Current Sprint MVNO FreedomPop has seen exponential growth since launching in 2012 on the premise of free monthly data access for all. Now after two years that have seen its business grow to over 100,000 users and multiple product launches that include iPod sleeves, Android smartphones and hotspots, the company is close to being acquired, with two carriers now showing interest in the startup. The latest report from Bloomberg Businessweek pegs the acquisition cost in the nine figure range, with the company adding so many customers every quarter that it claims it will have 1 million customers by this time next year, which would mean a 50% increase in customers every quarter since its 2012 launch.
The company’s core product is currently free mobile phone service, which includes 500MB of data, 200 voice minutes and 500 texts per month either through dedicated smartphone hardware or carrier agnostic apps for Android and iOS. Voice and text services use FreedomPop’s VOIP calling and SIP messaging apps. The company earns much of its revenue from additional charges once the free voice and data allotments are used and premium add-on packages such as monthly rolling data access, visual voicemail and phone support for an additional fee.

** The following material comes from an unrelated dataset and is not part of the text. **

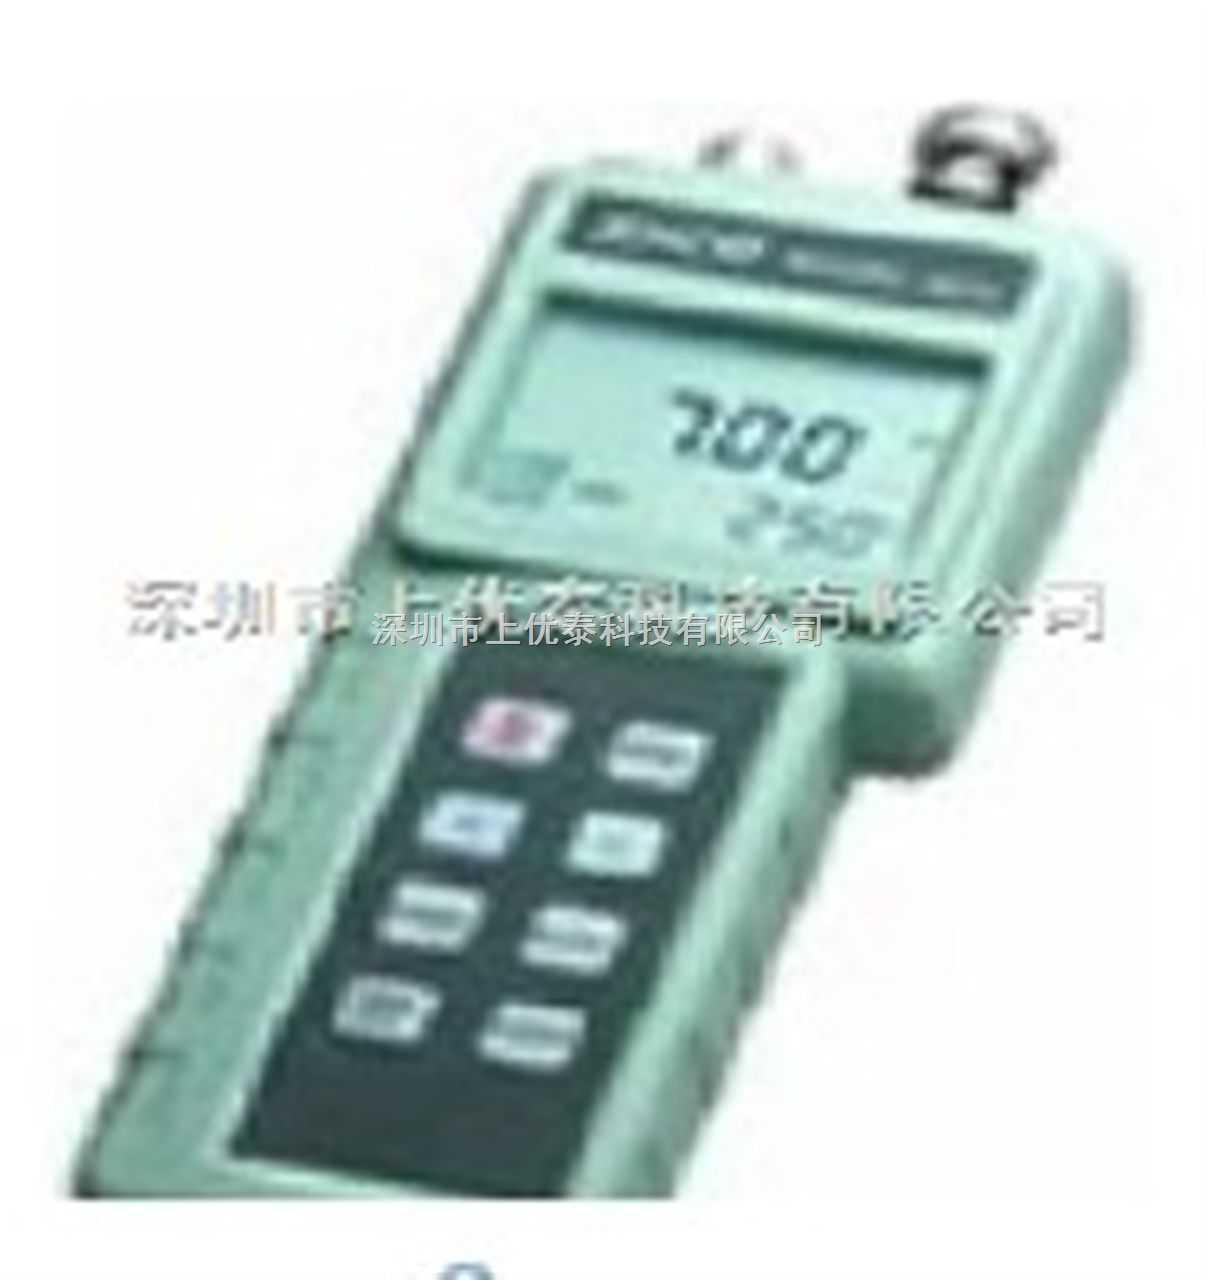 攜帶式負電位測試儀,便攜式負電位測試儀,手提式負電位測試儀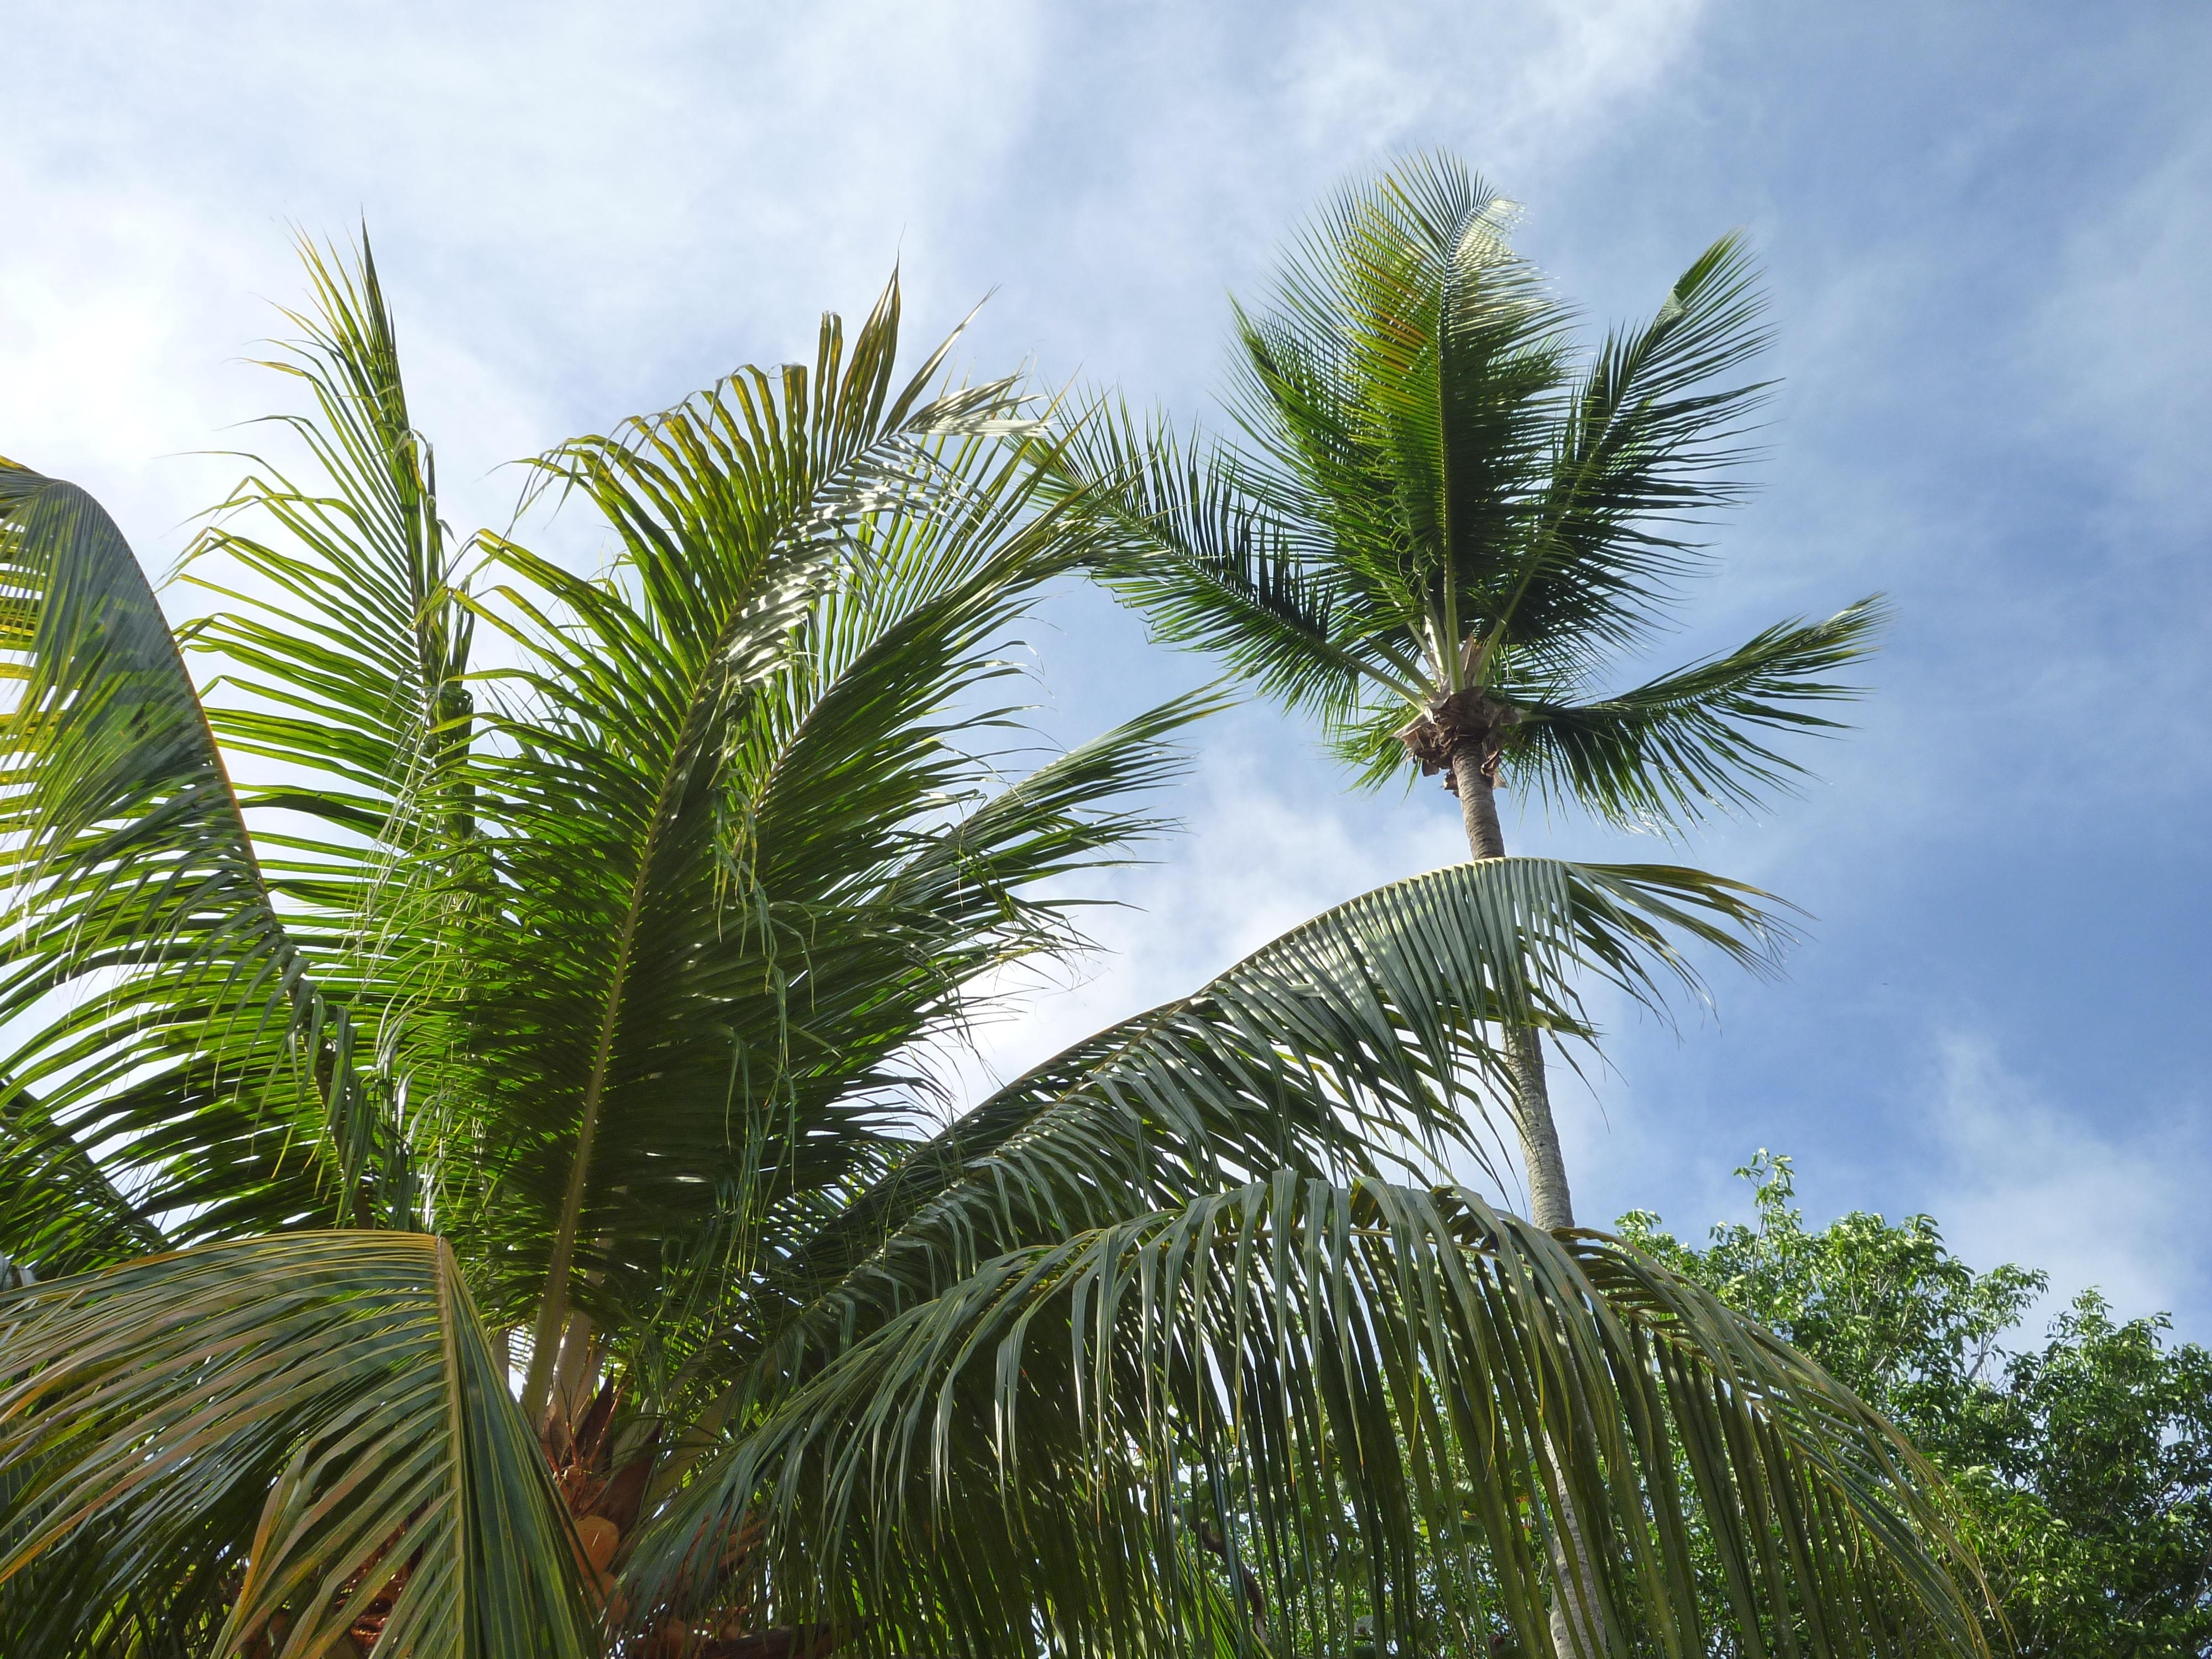 фото папоротники пальмы бетон, необработанный материал

To keep costs down, the company relies on refurbished smartphone inventory from its current carrier partner in Sprint, and features such products as a heavily modified Samsung Epic 4G Touch for $189 that claims to keep the owners calls and messages safe from surveillance and snooping. The company also recently launched support for the iPhone after years of teasing the phone’s availability on the service, beginning with the iPhone 5. With FreedomPop so heavily tied to Sprint and beginning discussions with a European and domestic GSM carrier to offer its services earlier this year, it stands to reason that Sprint would want to keep a fast growing brand for itself, though FreedomPop had always eyed expansion as a goal, particularly international expansion.
With its initial investors in Atomico, Mangrove Capital Partners, DCM and Square 1 Bank spending $16 million on FreedomPop, the nine-figure sum for the company also vindicates the business model, as much speculation surrounded FreedomPop’s viability in its first year of operation, particularly as it suffered delays in offering smartphones and its early products focused on mobile broadband before the explosion in tablet growth and its services were initially pitched as low-cost home and mobile broadband replacements.